There are several theories on the mechanism of loss in cell viability of bacteria. Recent research has provided the reason for charge unbalancing caused by the contact of Nps with the membrane of the cell (bacteria). Due to electrostatic interaction caused between the positively charged (electron acceptors) ZnO-Nps and negatively charged cell membrane of bacteria resulted in the transfer of charges from bacteria membrane to ZnO-Nps, thus caused the enveloping the cell membrane and inducing the production of reactive oxygen species into the cells. The ZnO-Nps released Zn2+ ions, and these positive metal ions of Zn2+ penetrate the cells resulting in bacterial cell death [75].

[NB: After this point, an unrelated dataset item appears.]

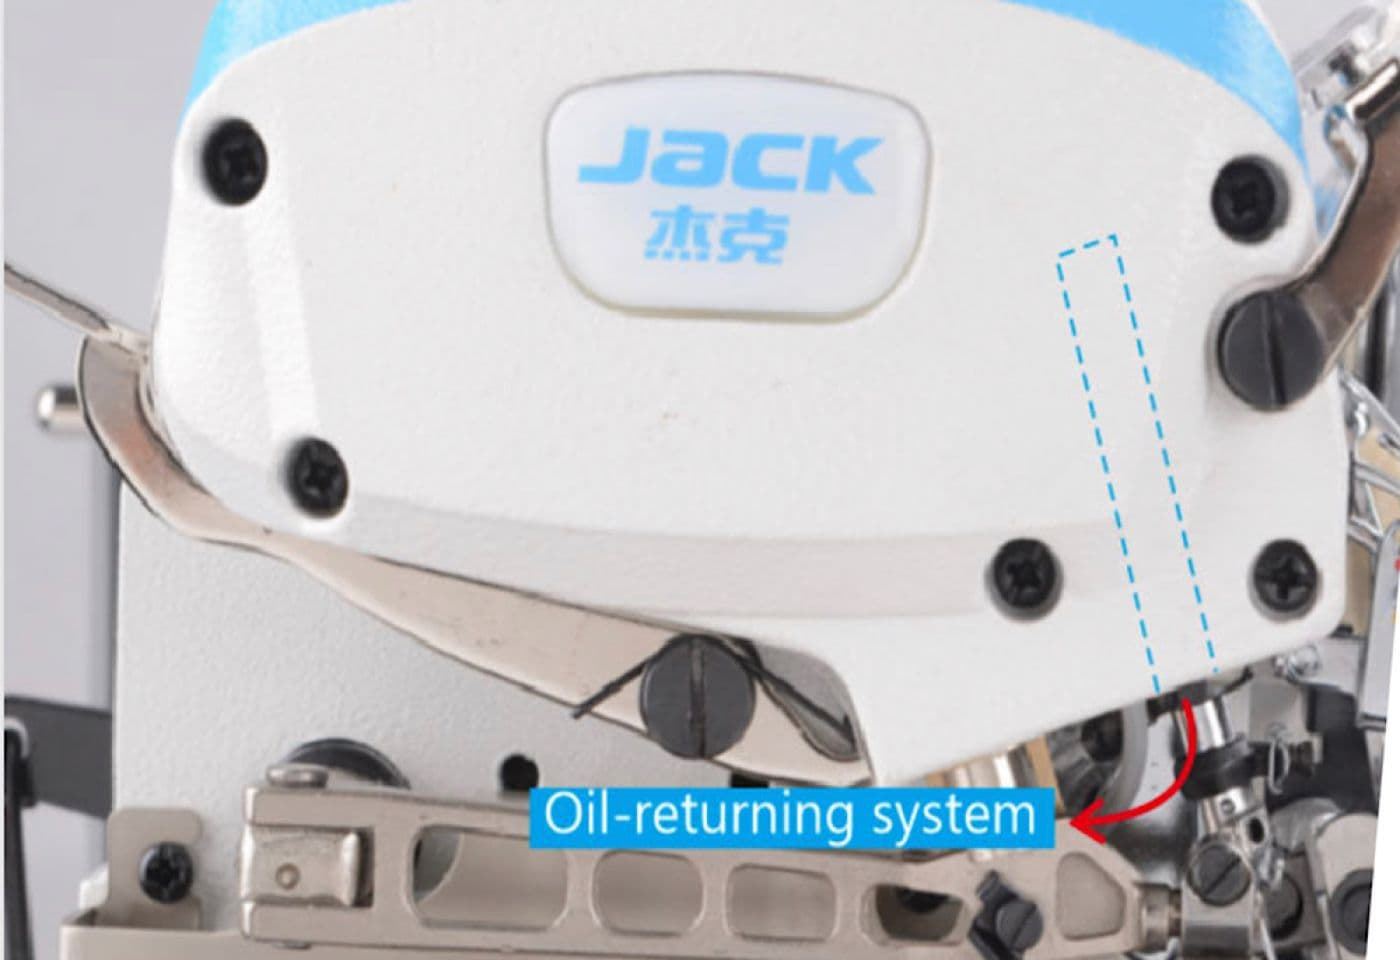 JACK JK-E4-5 (5 HILOS) - Máquina de coser industrial remalladora - Imagen 3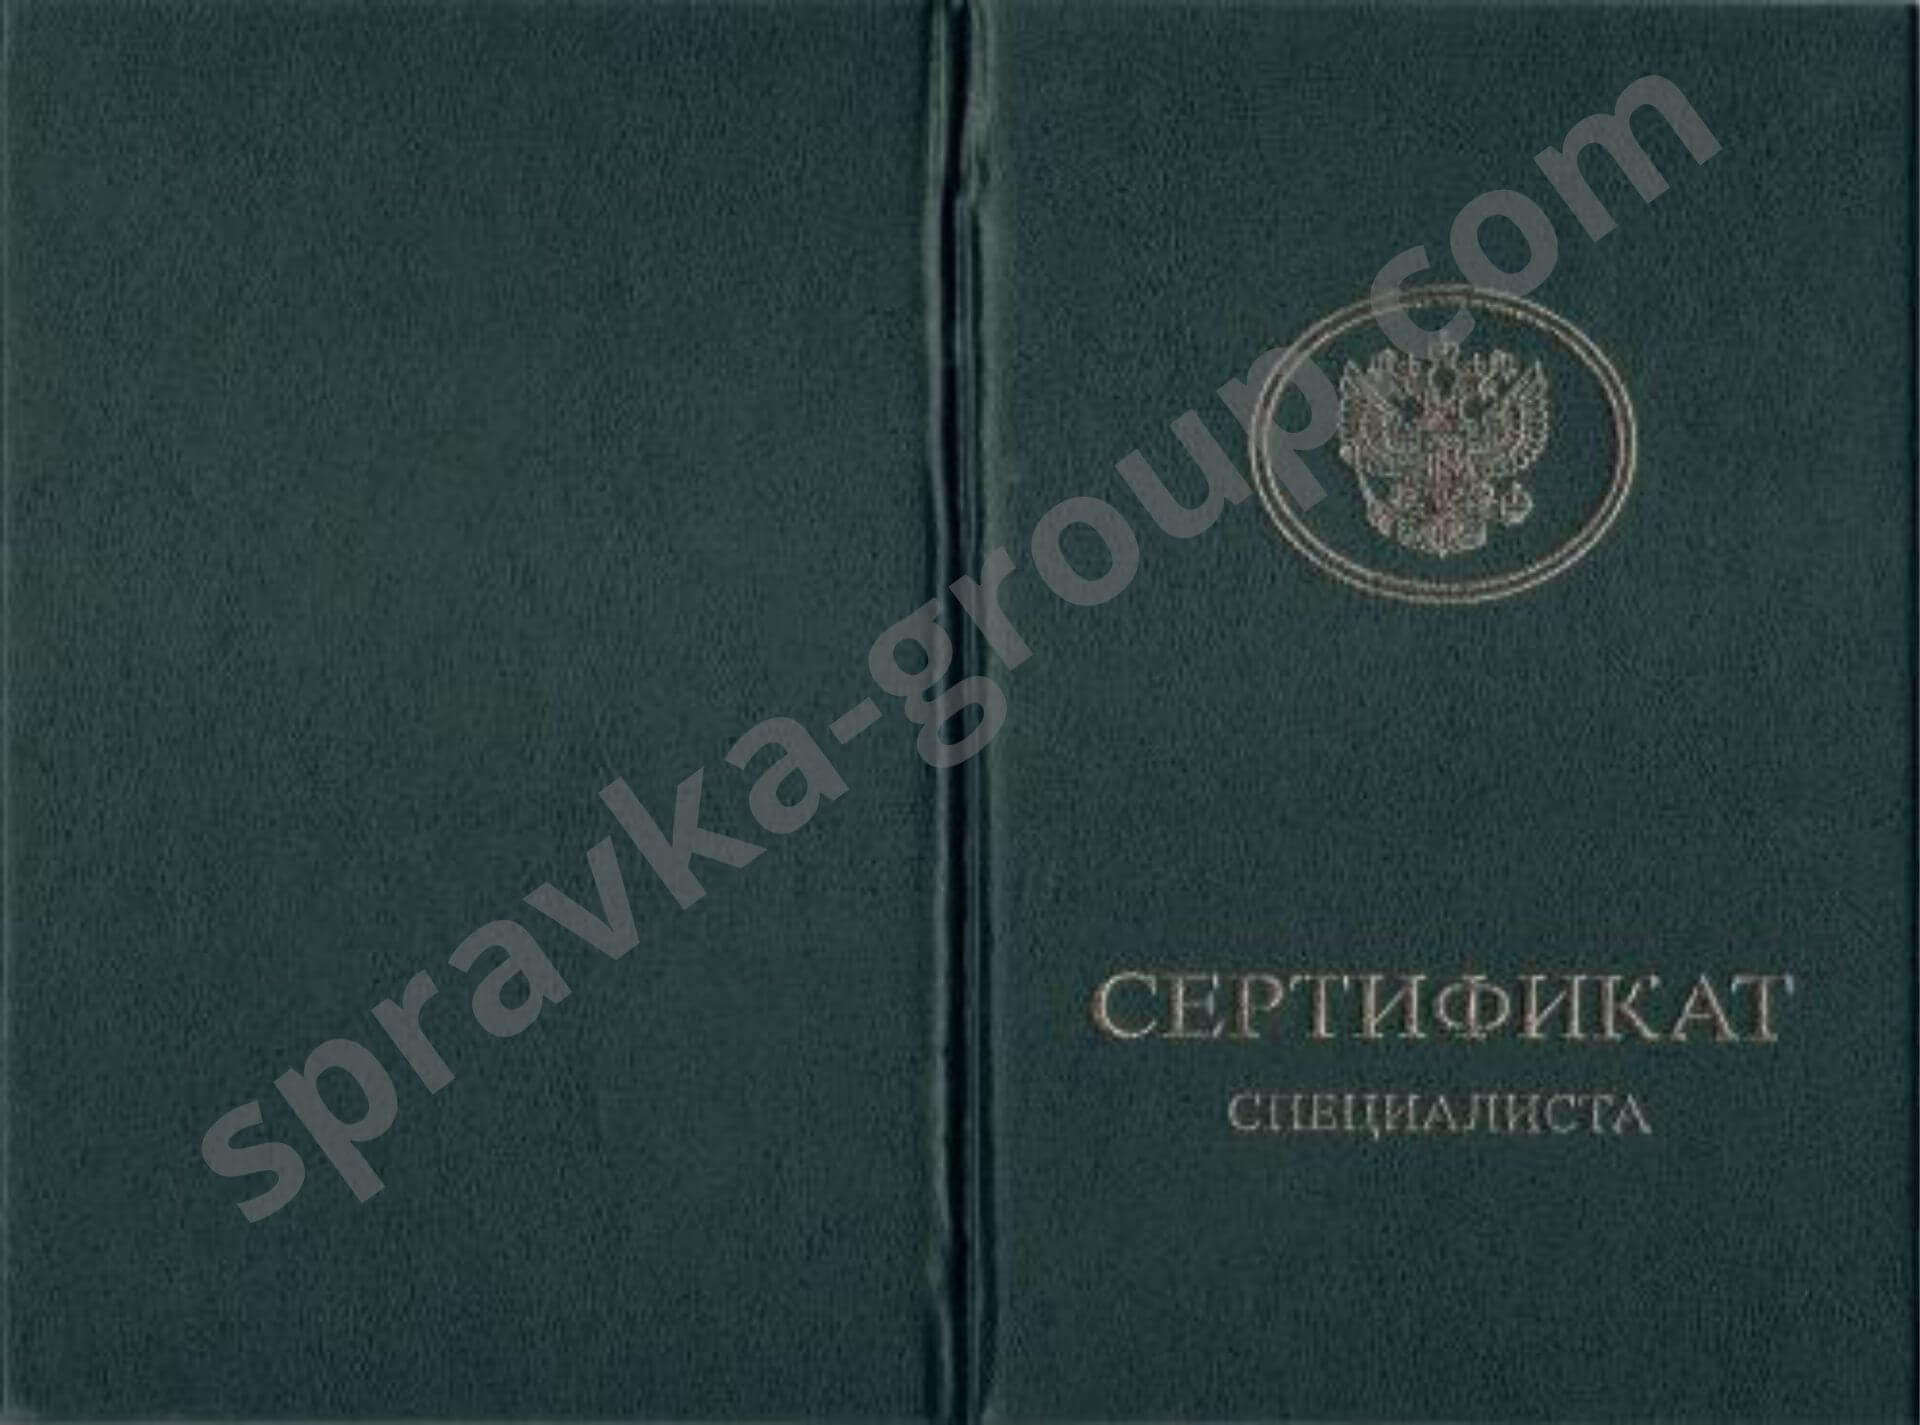 Купить сертификат медсестры в Москве, фото №3

The MICs result revealed that the 12.5 and 6.25 µg of ZnO-NPs are minimal concentration which inhibited the growth of MRSA and E. coli respectively as shown in Fig. 11. In case of MBCs there is no growth was observed in those plate streaked from MICs well with 25 and 12.5 µg ZnO-Nps against MRSA and E. coli respectively. MRSA and E. coli are clinically significant bacteria which are commonly found in food and water also responsible for causing intestinal, and throat infection diseases which lead to bacteremia [76]. Due to evolution in these bacteria, modifying themselves by developing various antibiotics resistance mechanism. Thus effective and cheap antibacterial agents those are alternatives of these antibiotics should be developed to combat these multidrug resistant bacteria. Further studies can be conducted by varying the doses of ZnO-Nps into bacteria and also conjugating it with other therapies and drug for the synergistic effect of treating different clinically significant pathogens.

Fig. 11
figure 11

MICs of ZnO-NPs against MRSA and E. coli

Full size image

Conclusion

In summary, the ZnO-Nps were successfully synthesized by facile hydrothermal method. The XRD, EDX, XPS and FTIR confirm the formation of pure ZnO. The SEM, TEM micrographs of hydrothermally prepared ZnO show the morphology with nanoplates type with 150–300 nm width and thickness 10–60 nm. The ZnO-Nps comprises a sufficiently large surface area 126 cm2 g−1 and indicating the nanopores within the ZnO-Nps, which enhanced the photocatalysis and antimicrobial activity. The obtained PL results also reveal the ZnO visible activity in the visible regions. These results indicate that the as-synthesized ZnO is a promising candidate for photocatalytic activity as well as in antimicrobial discipline.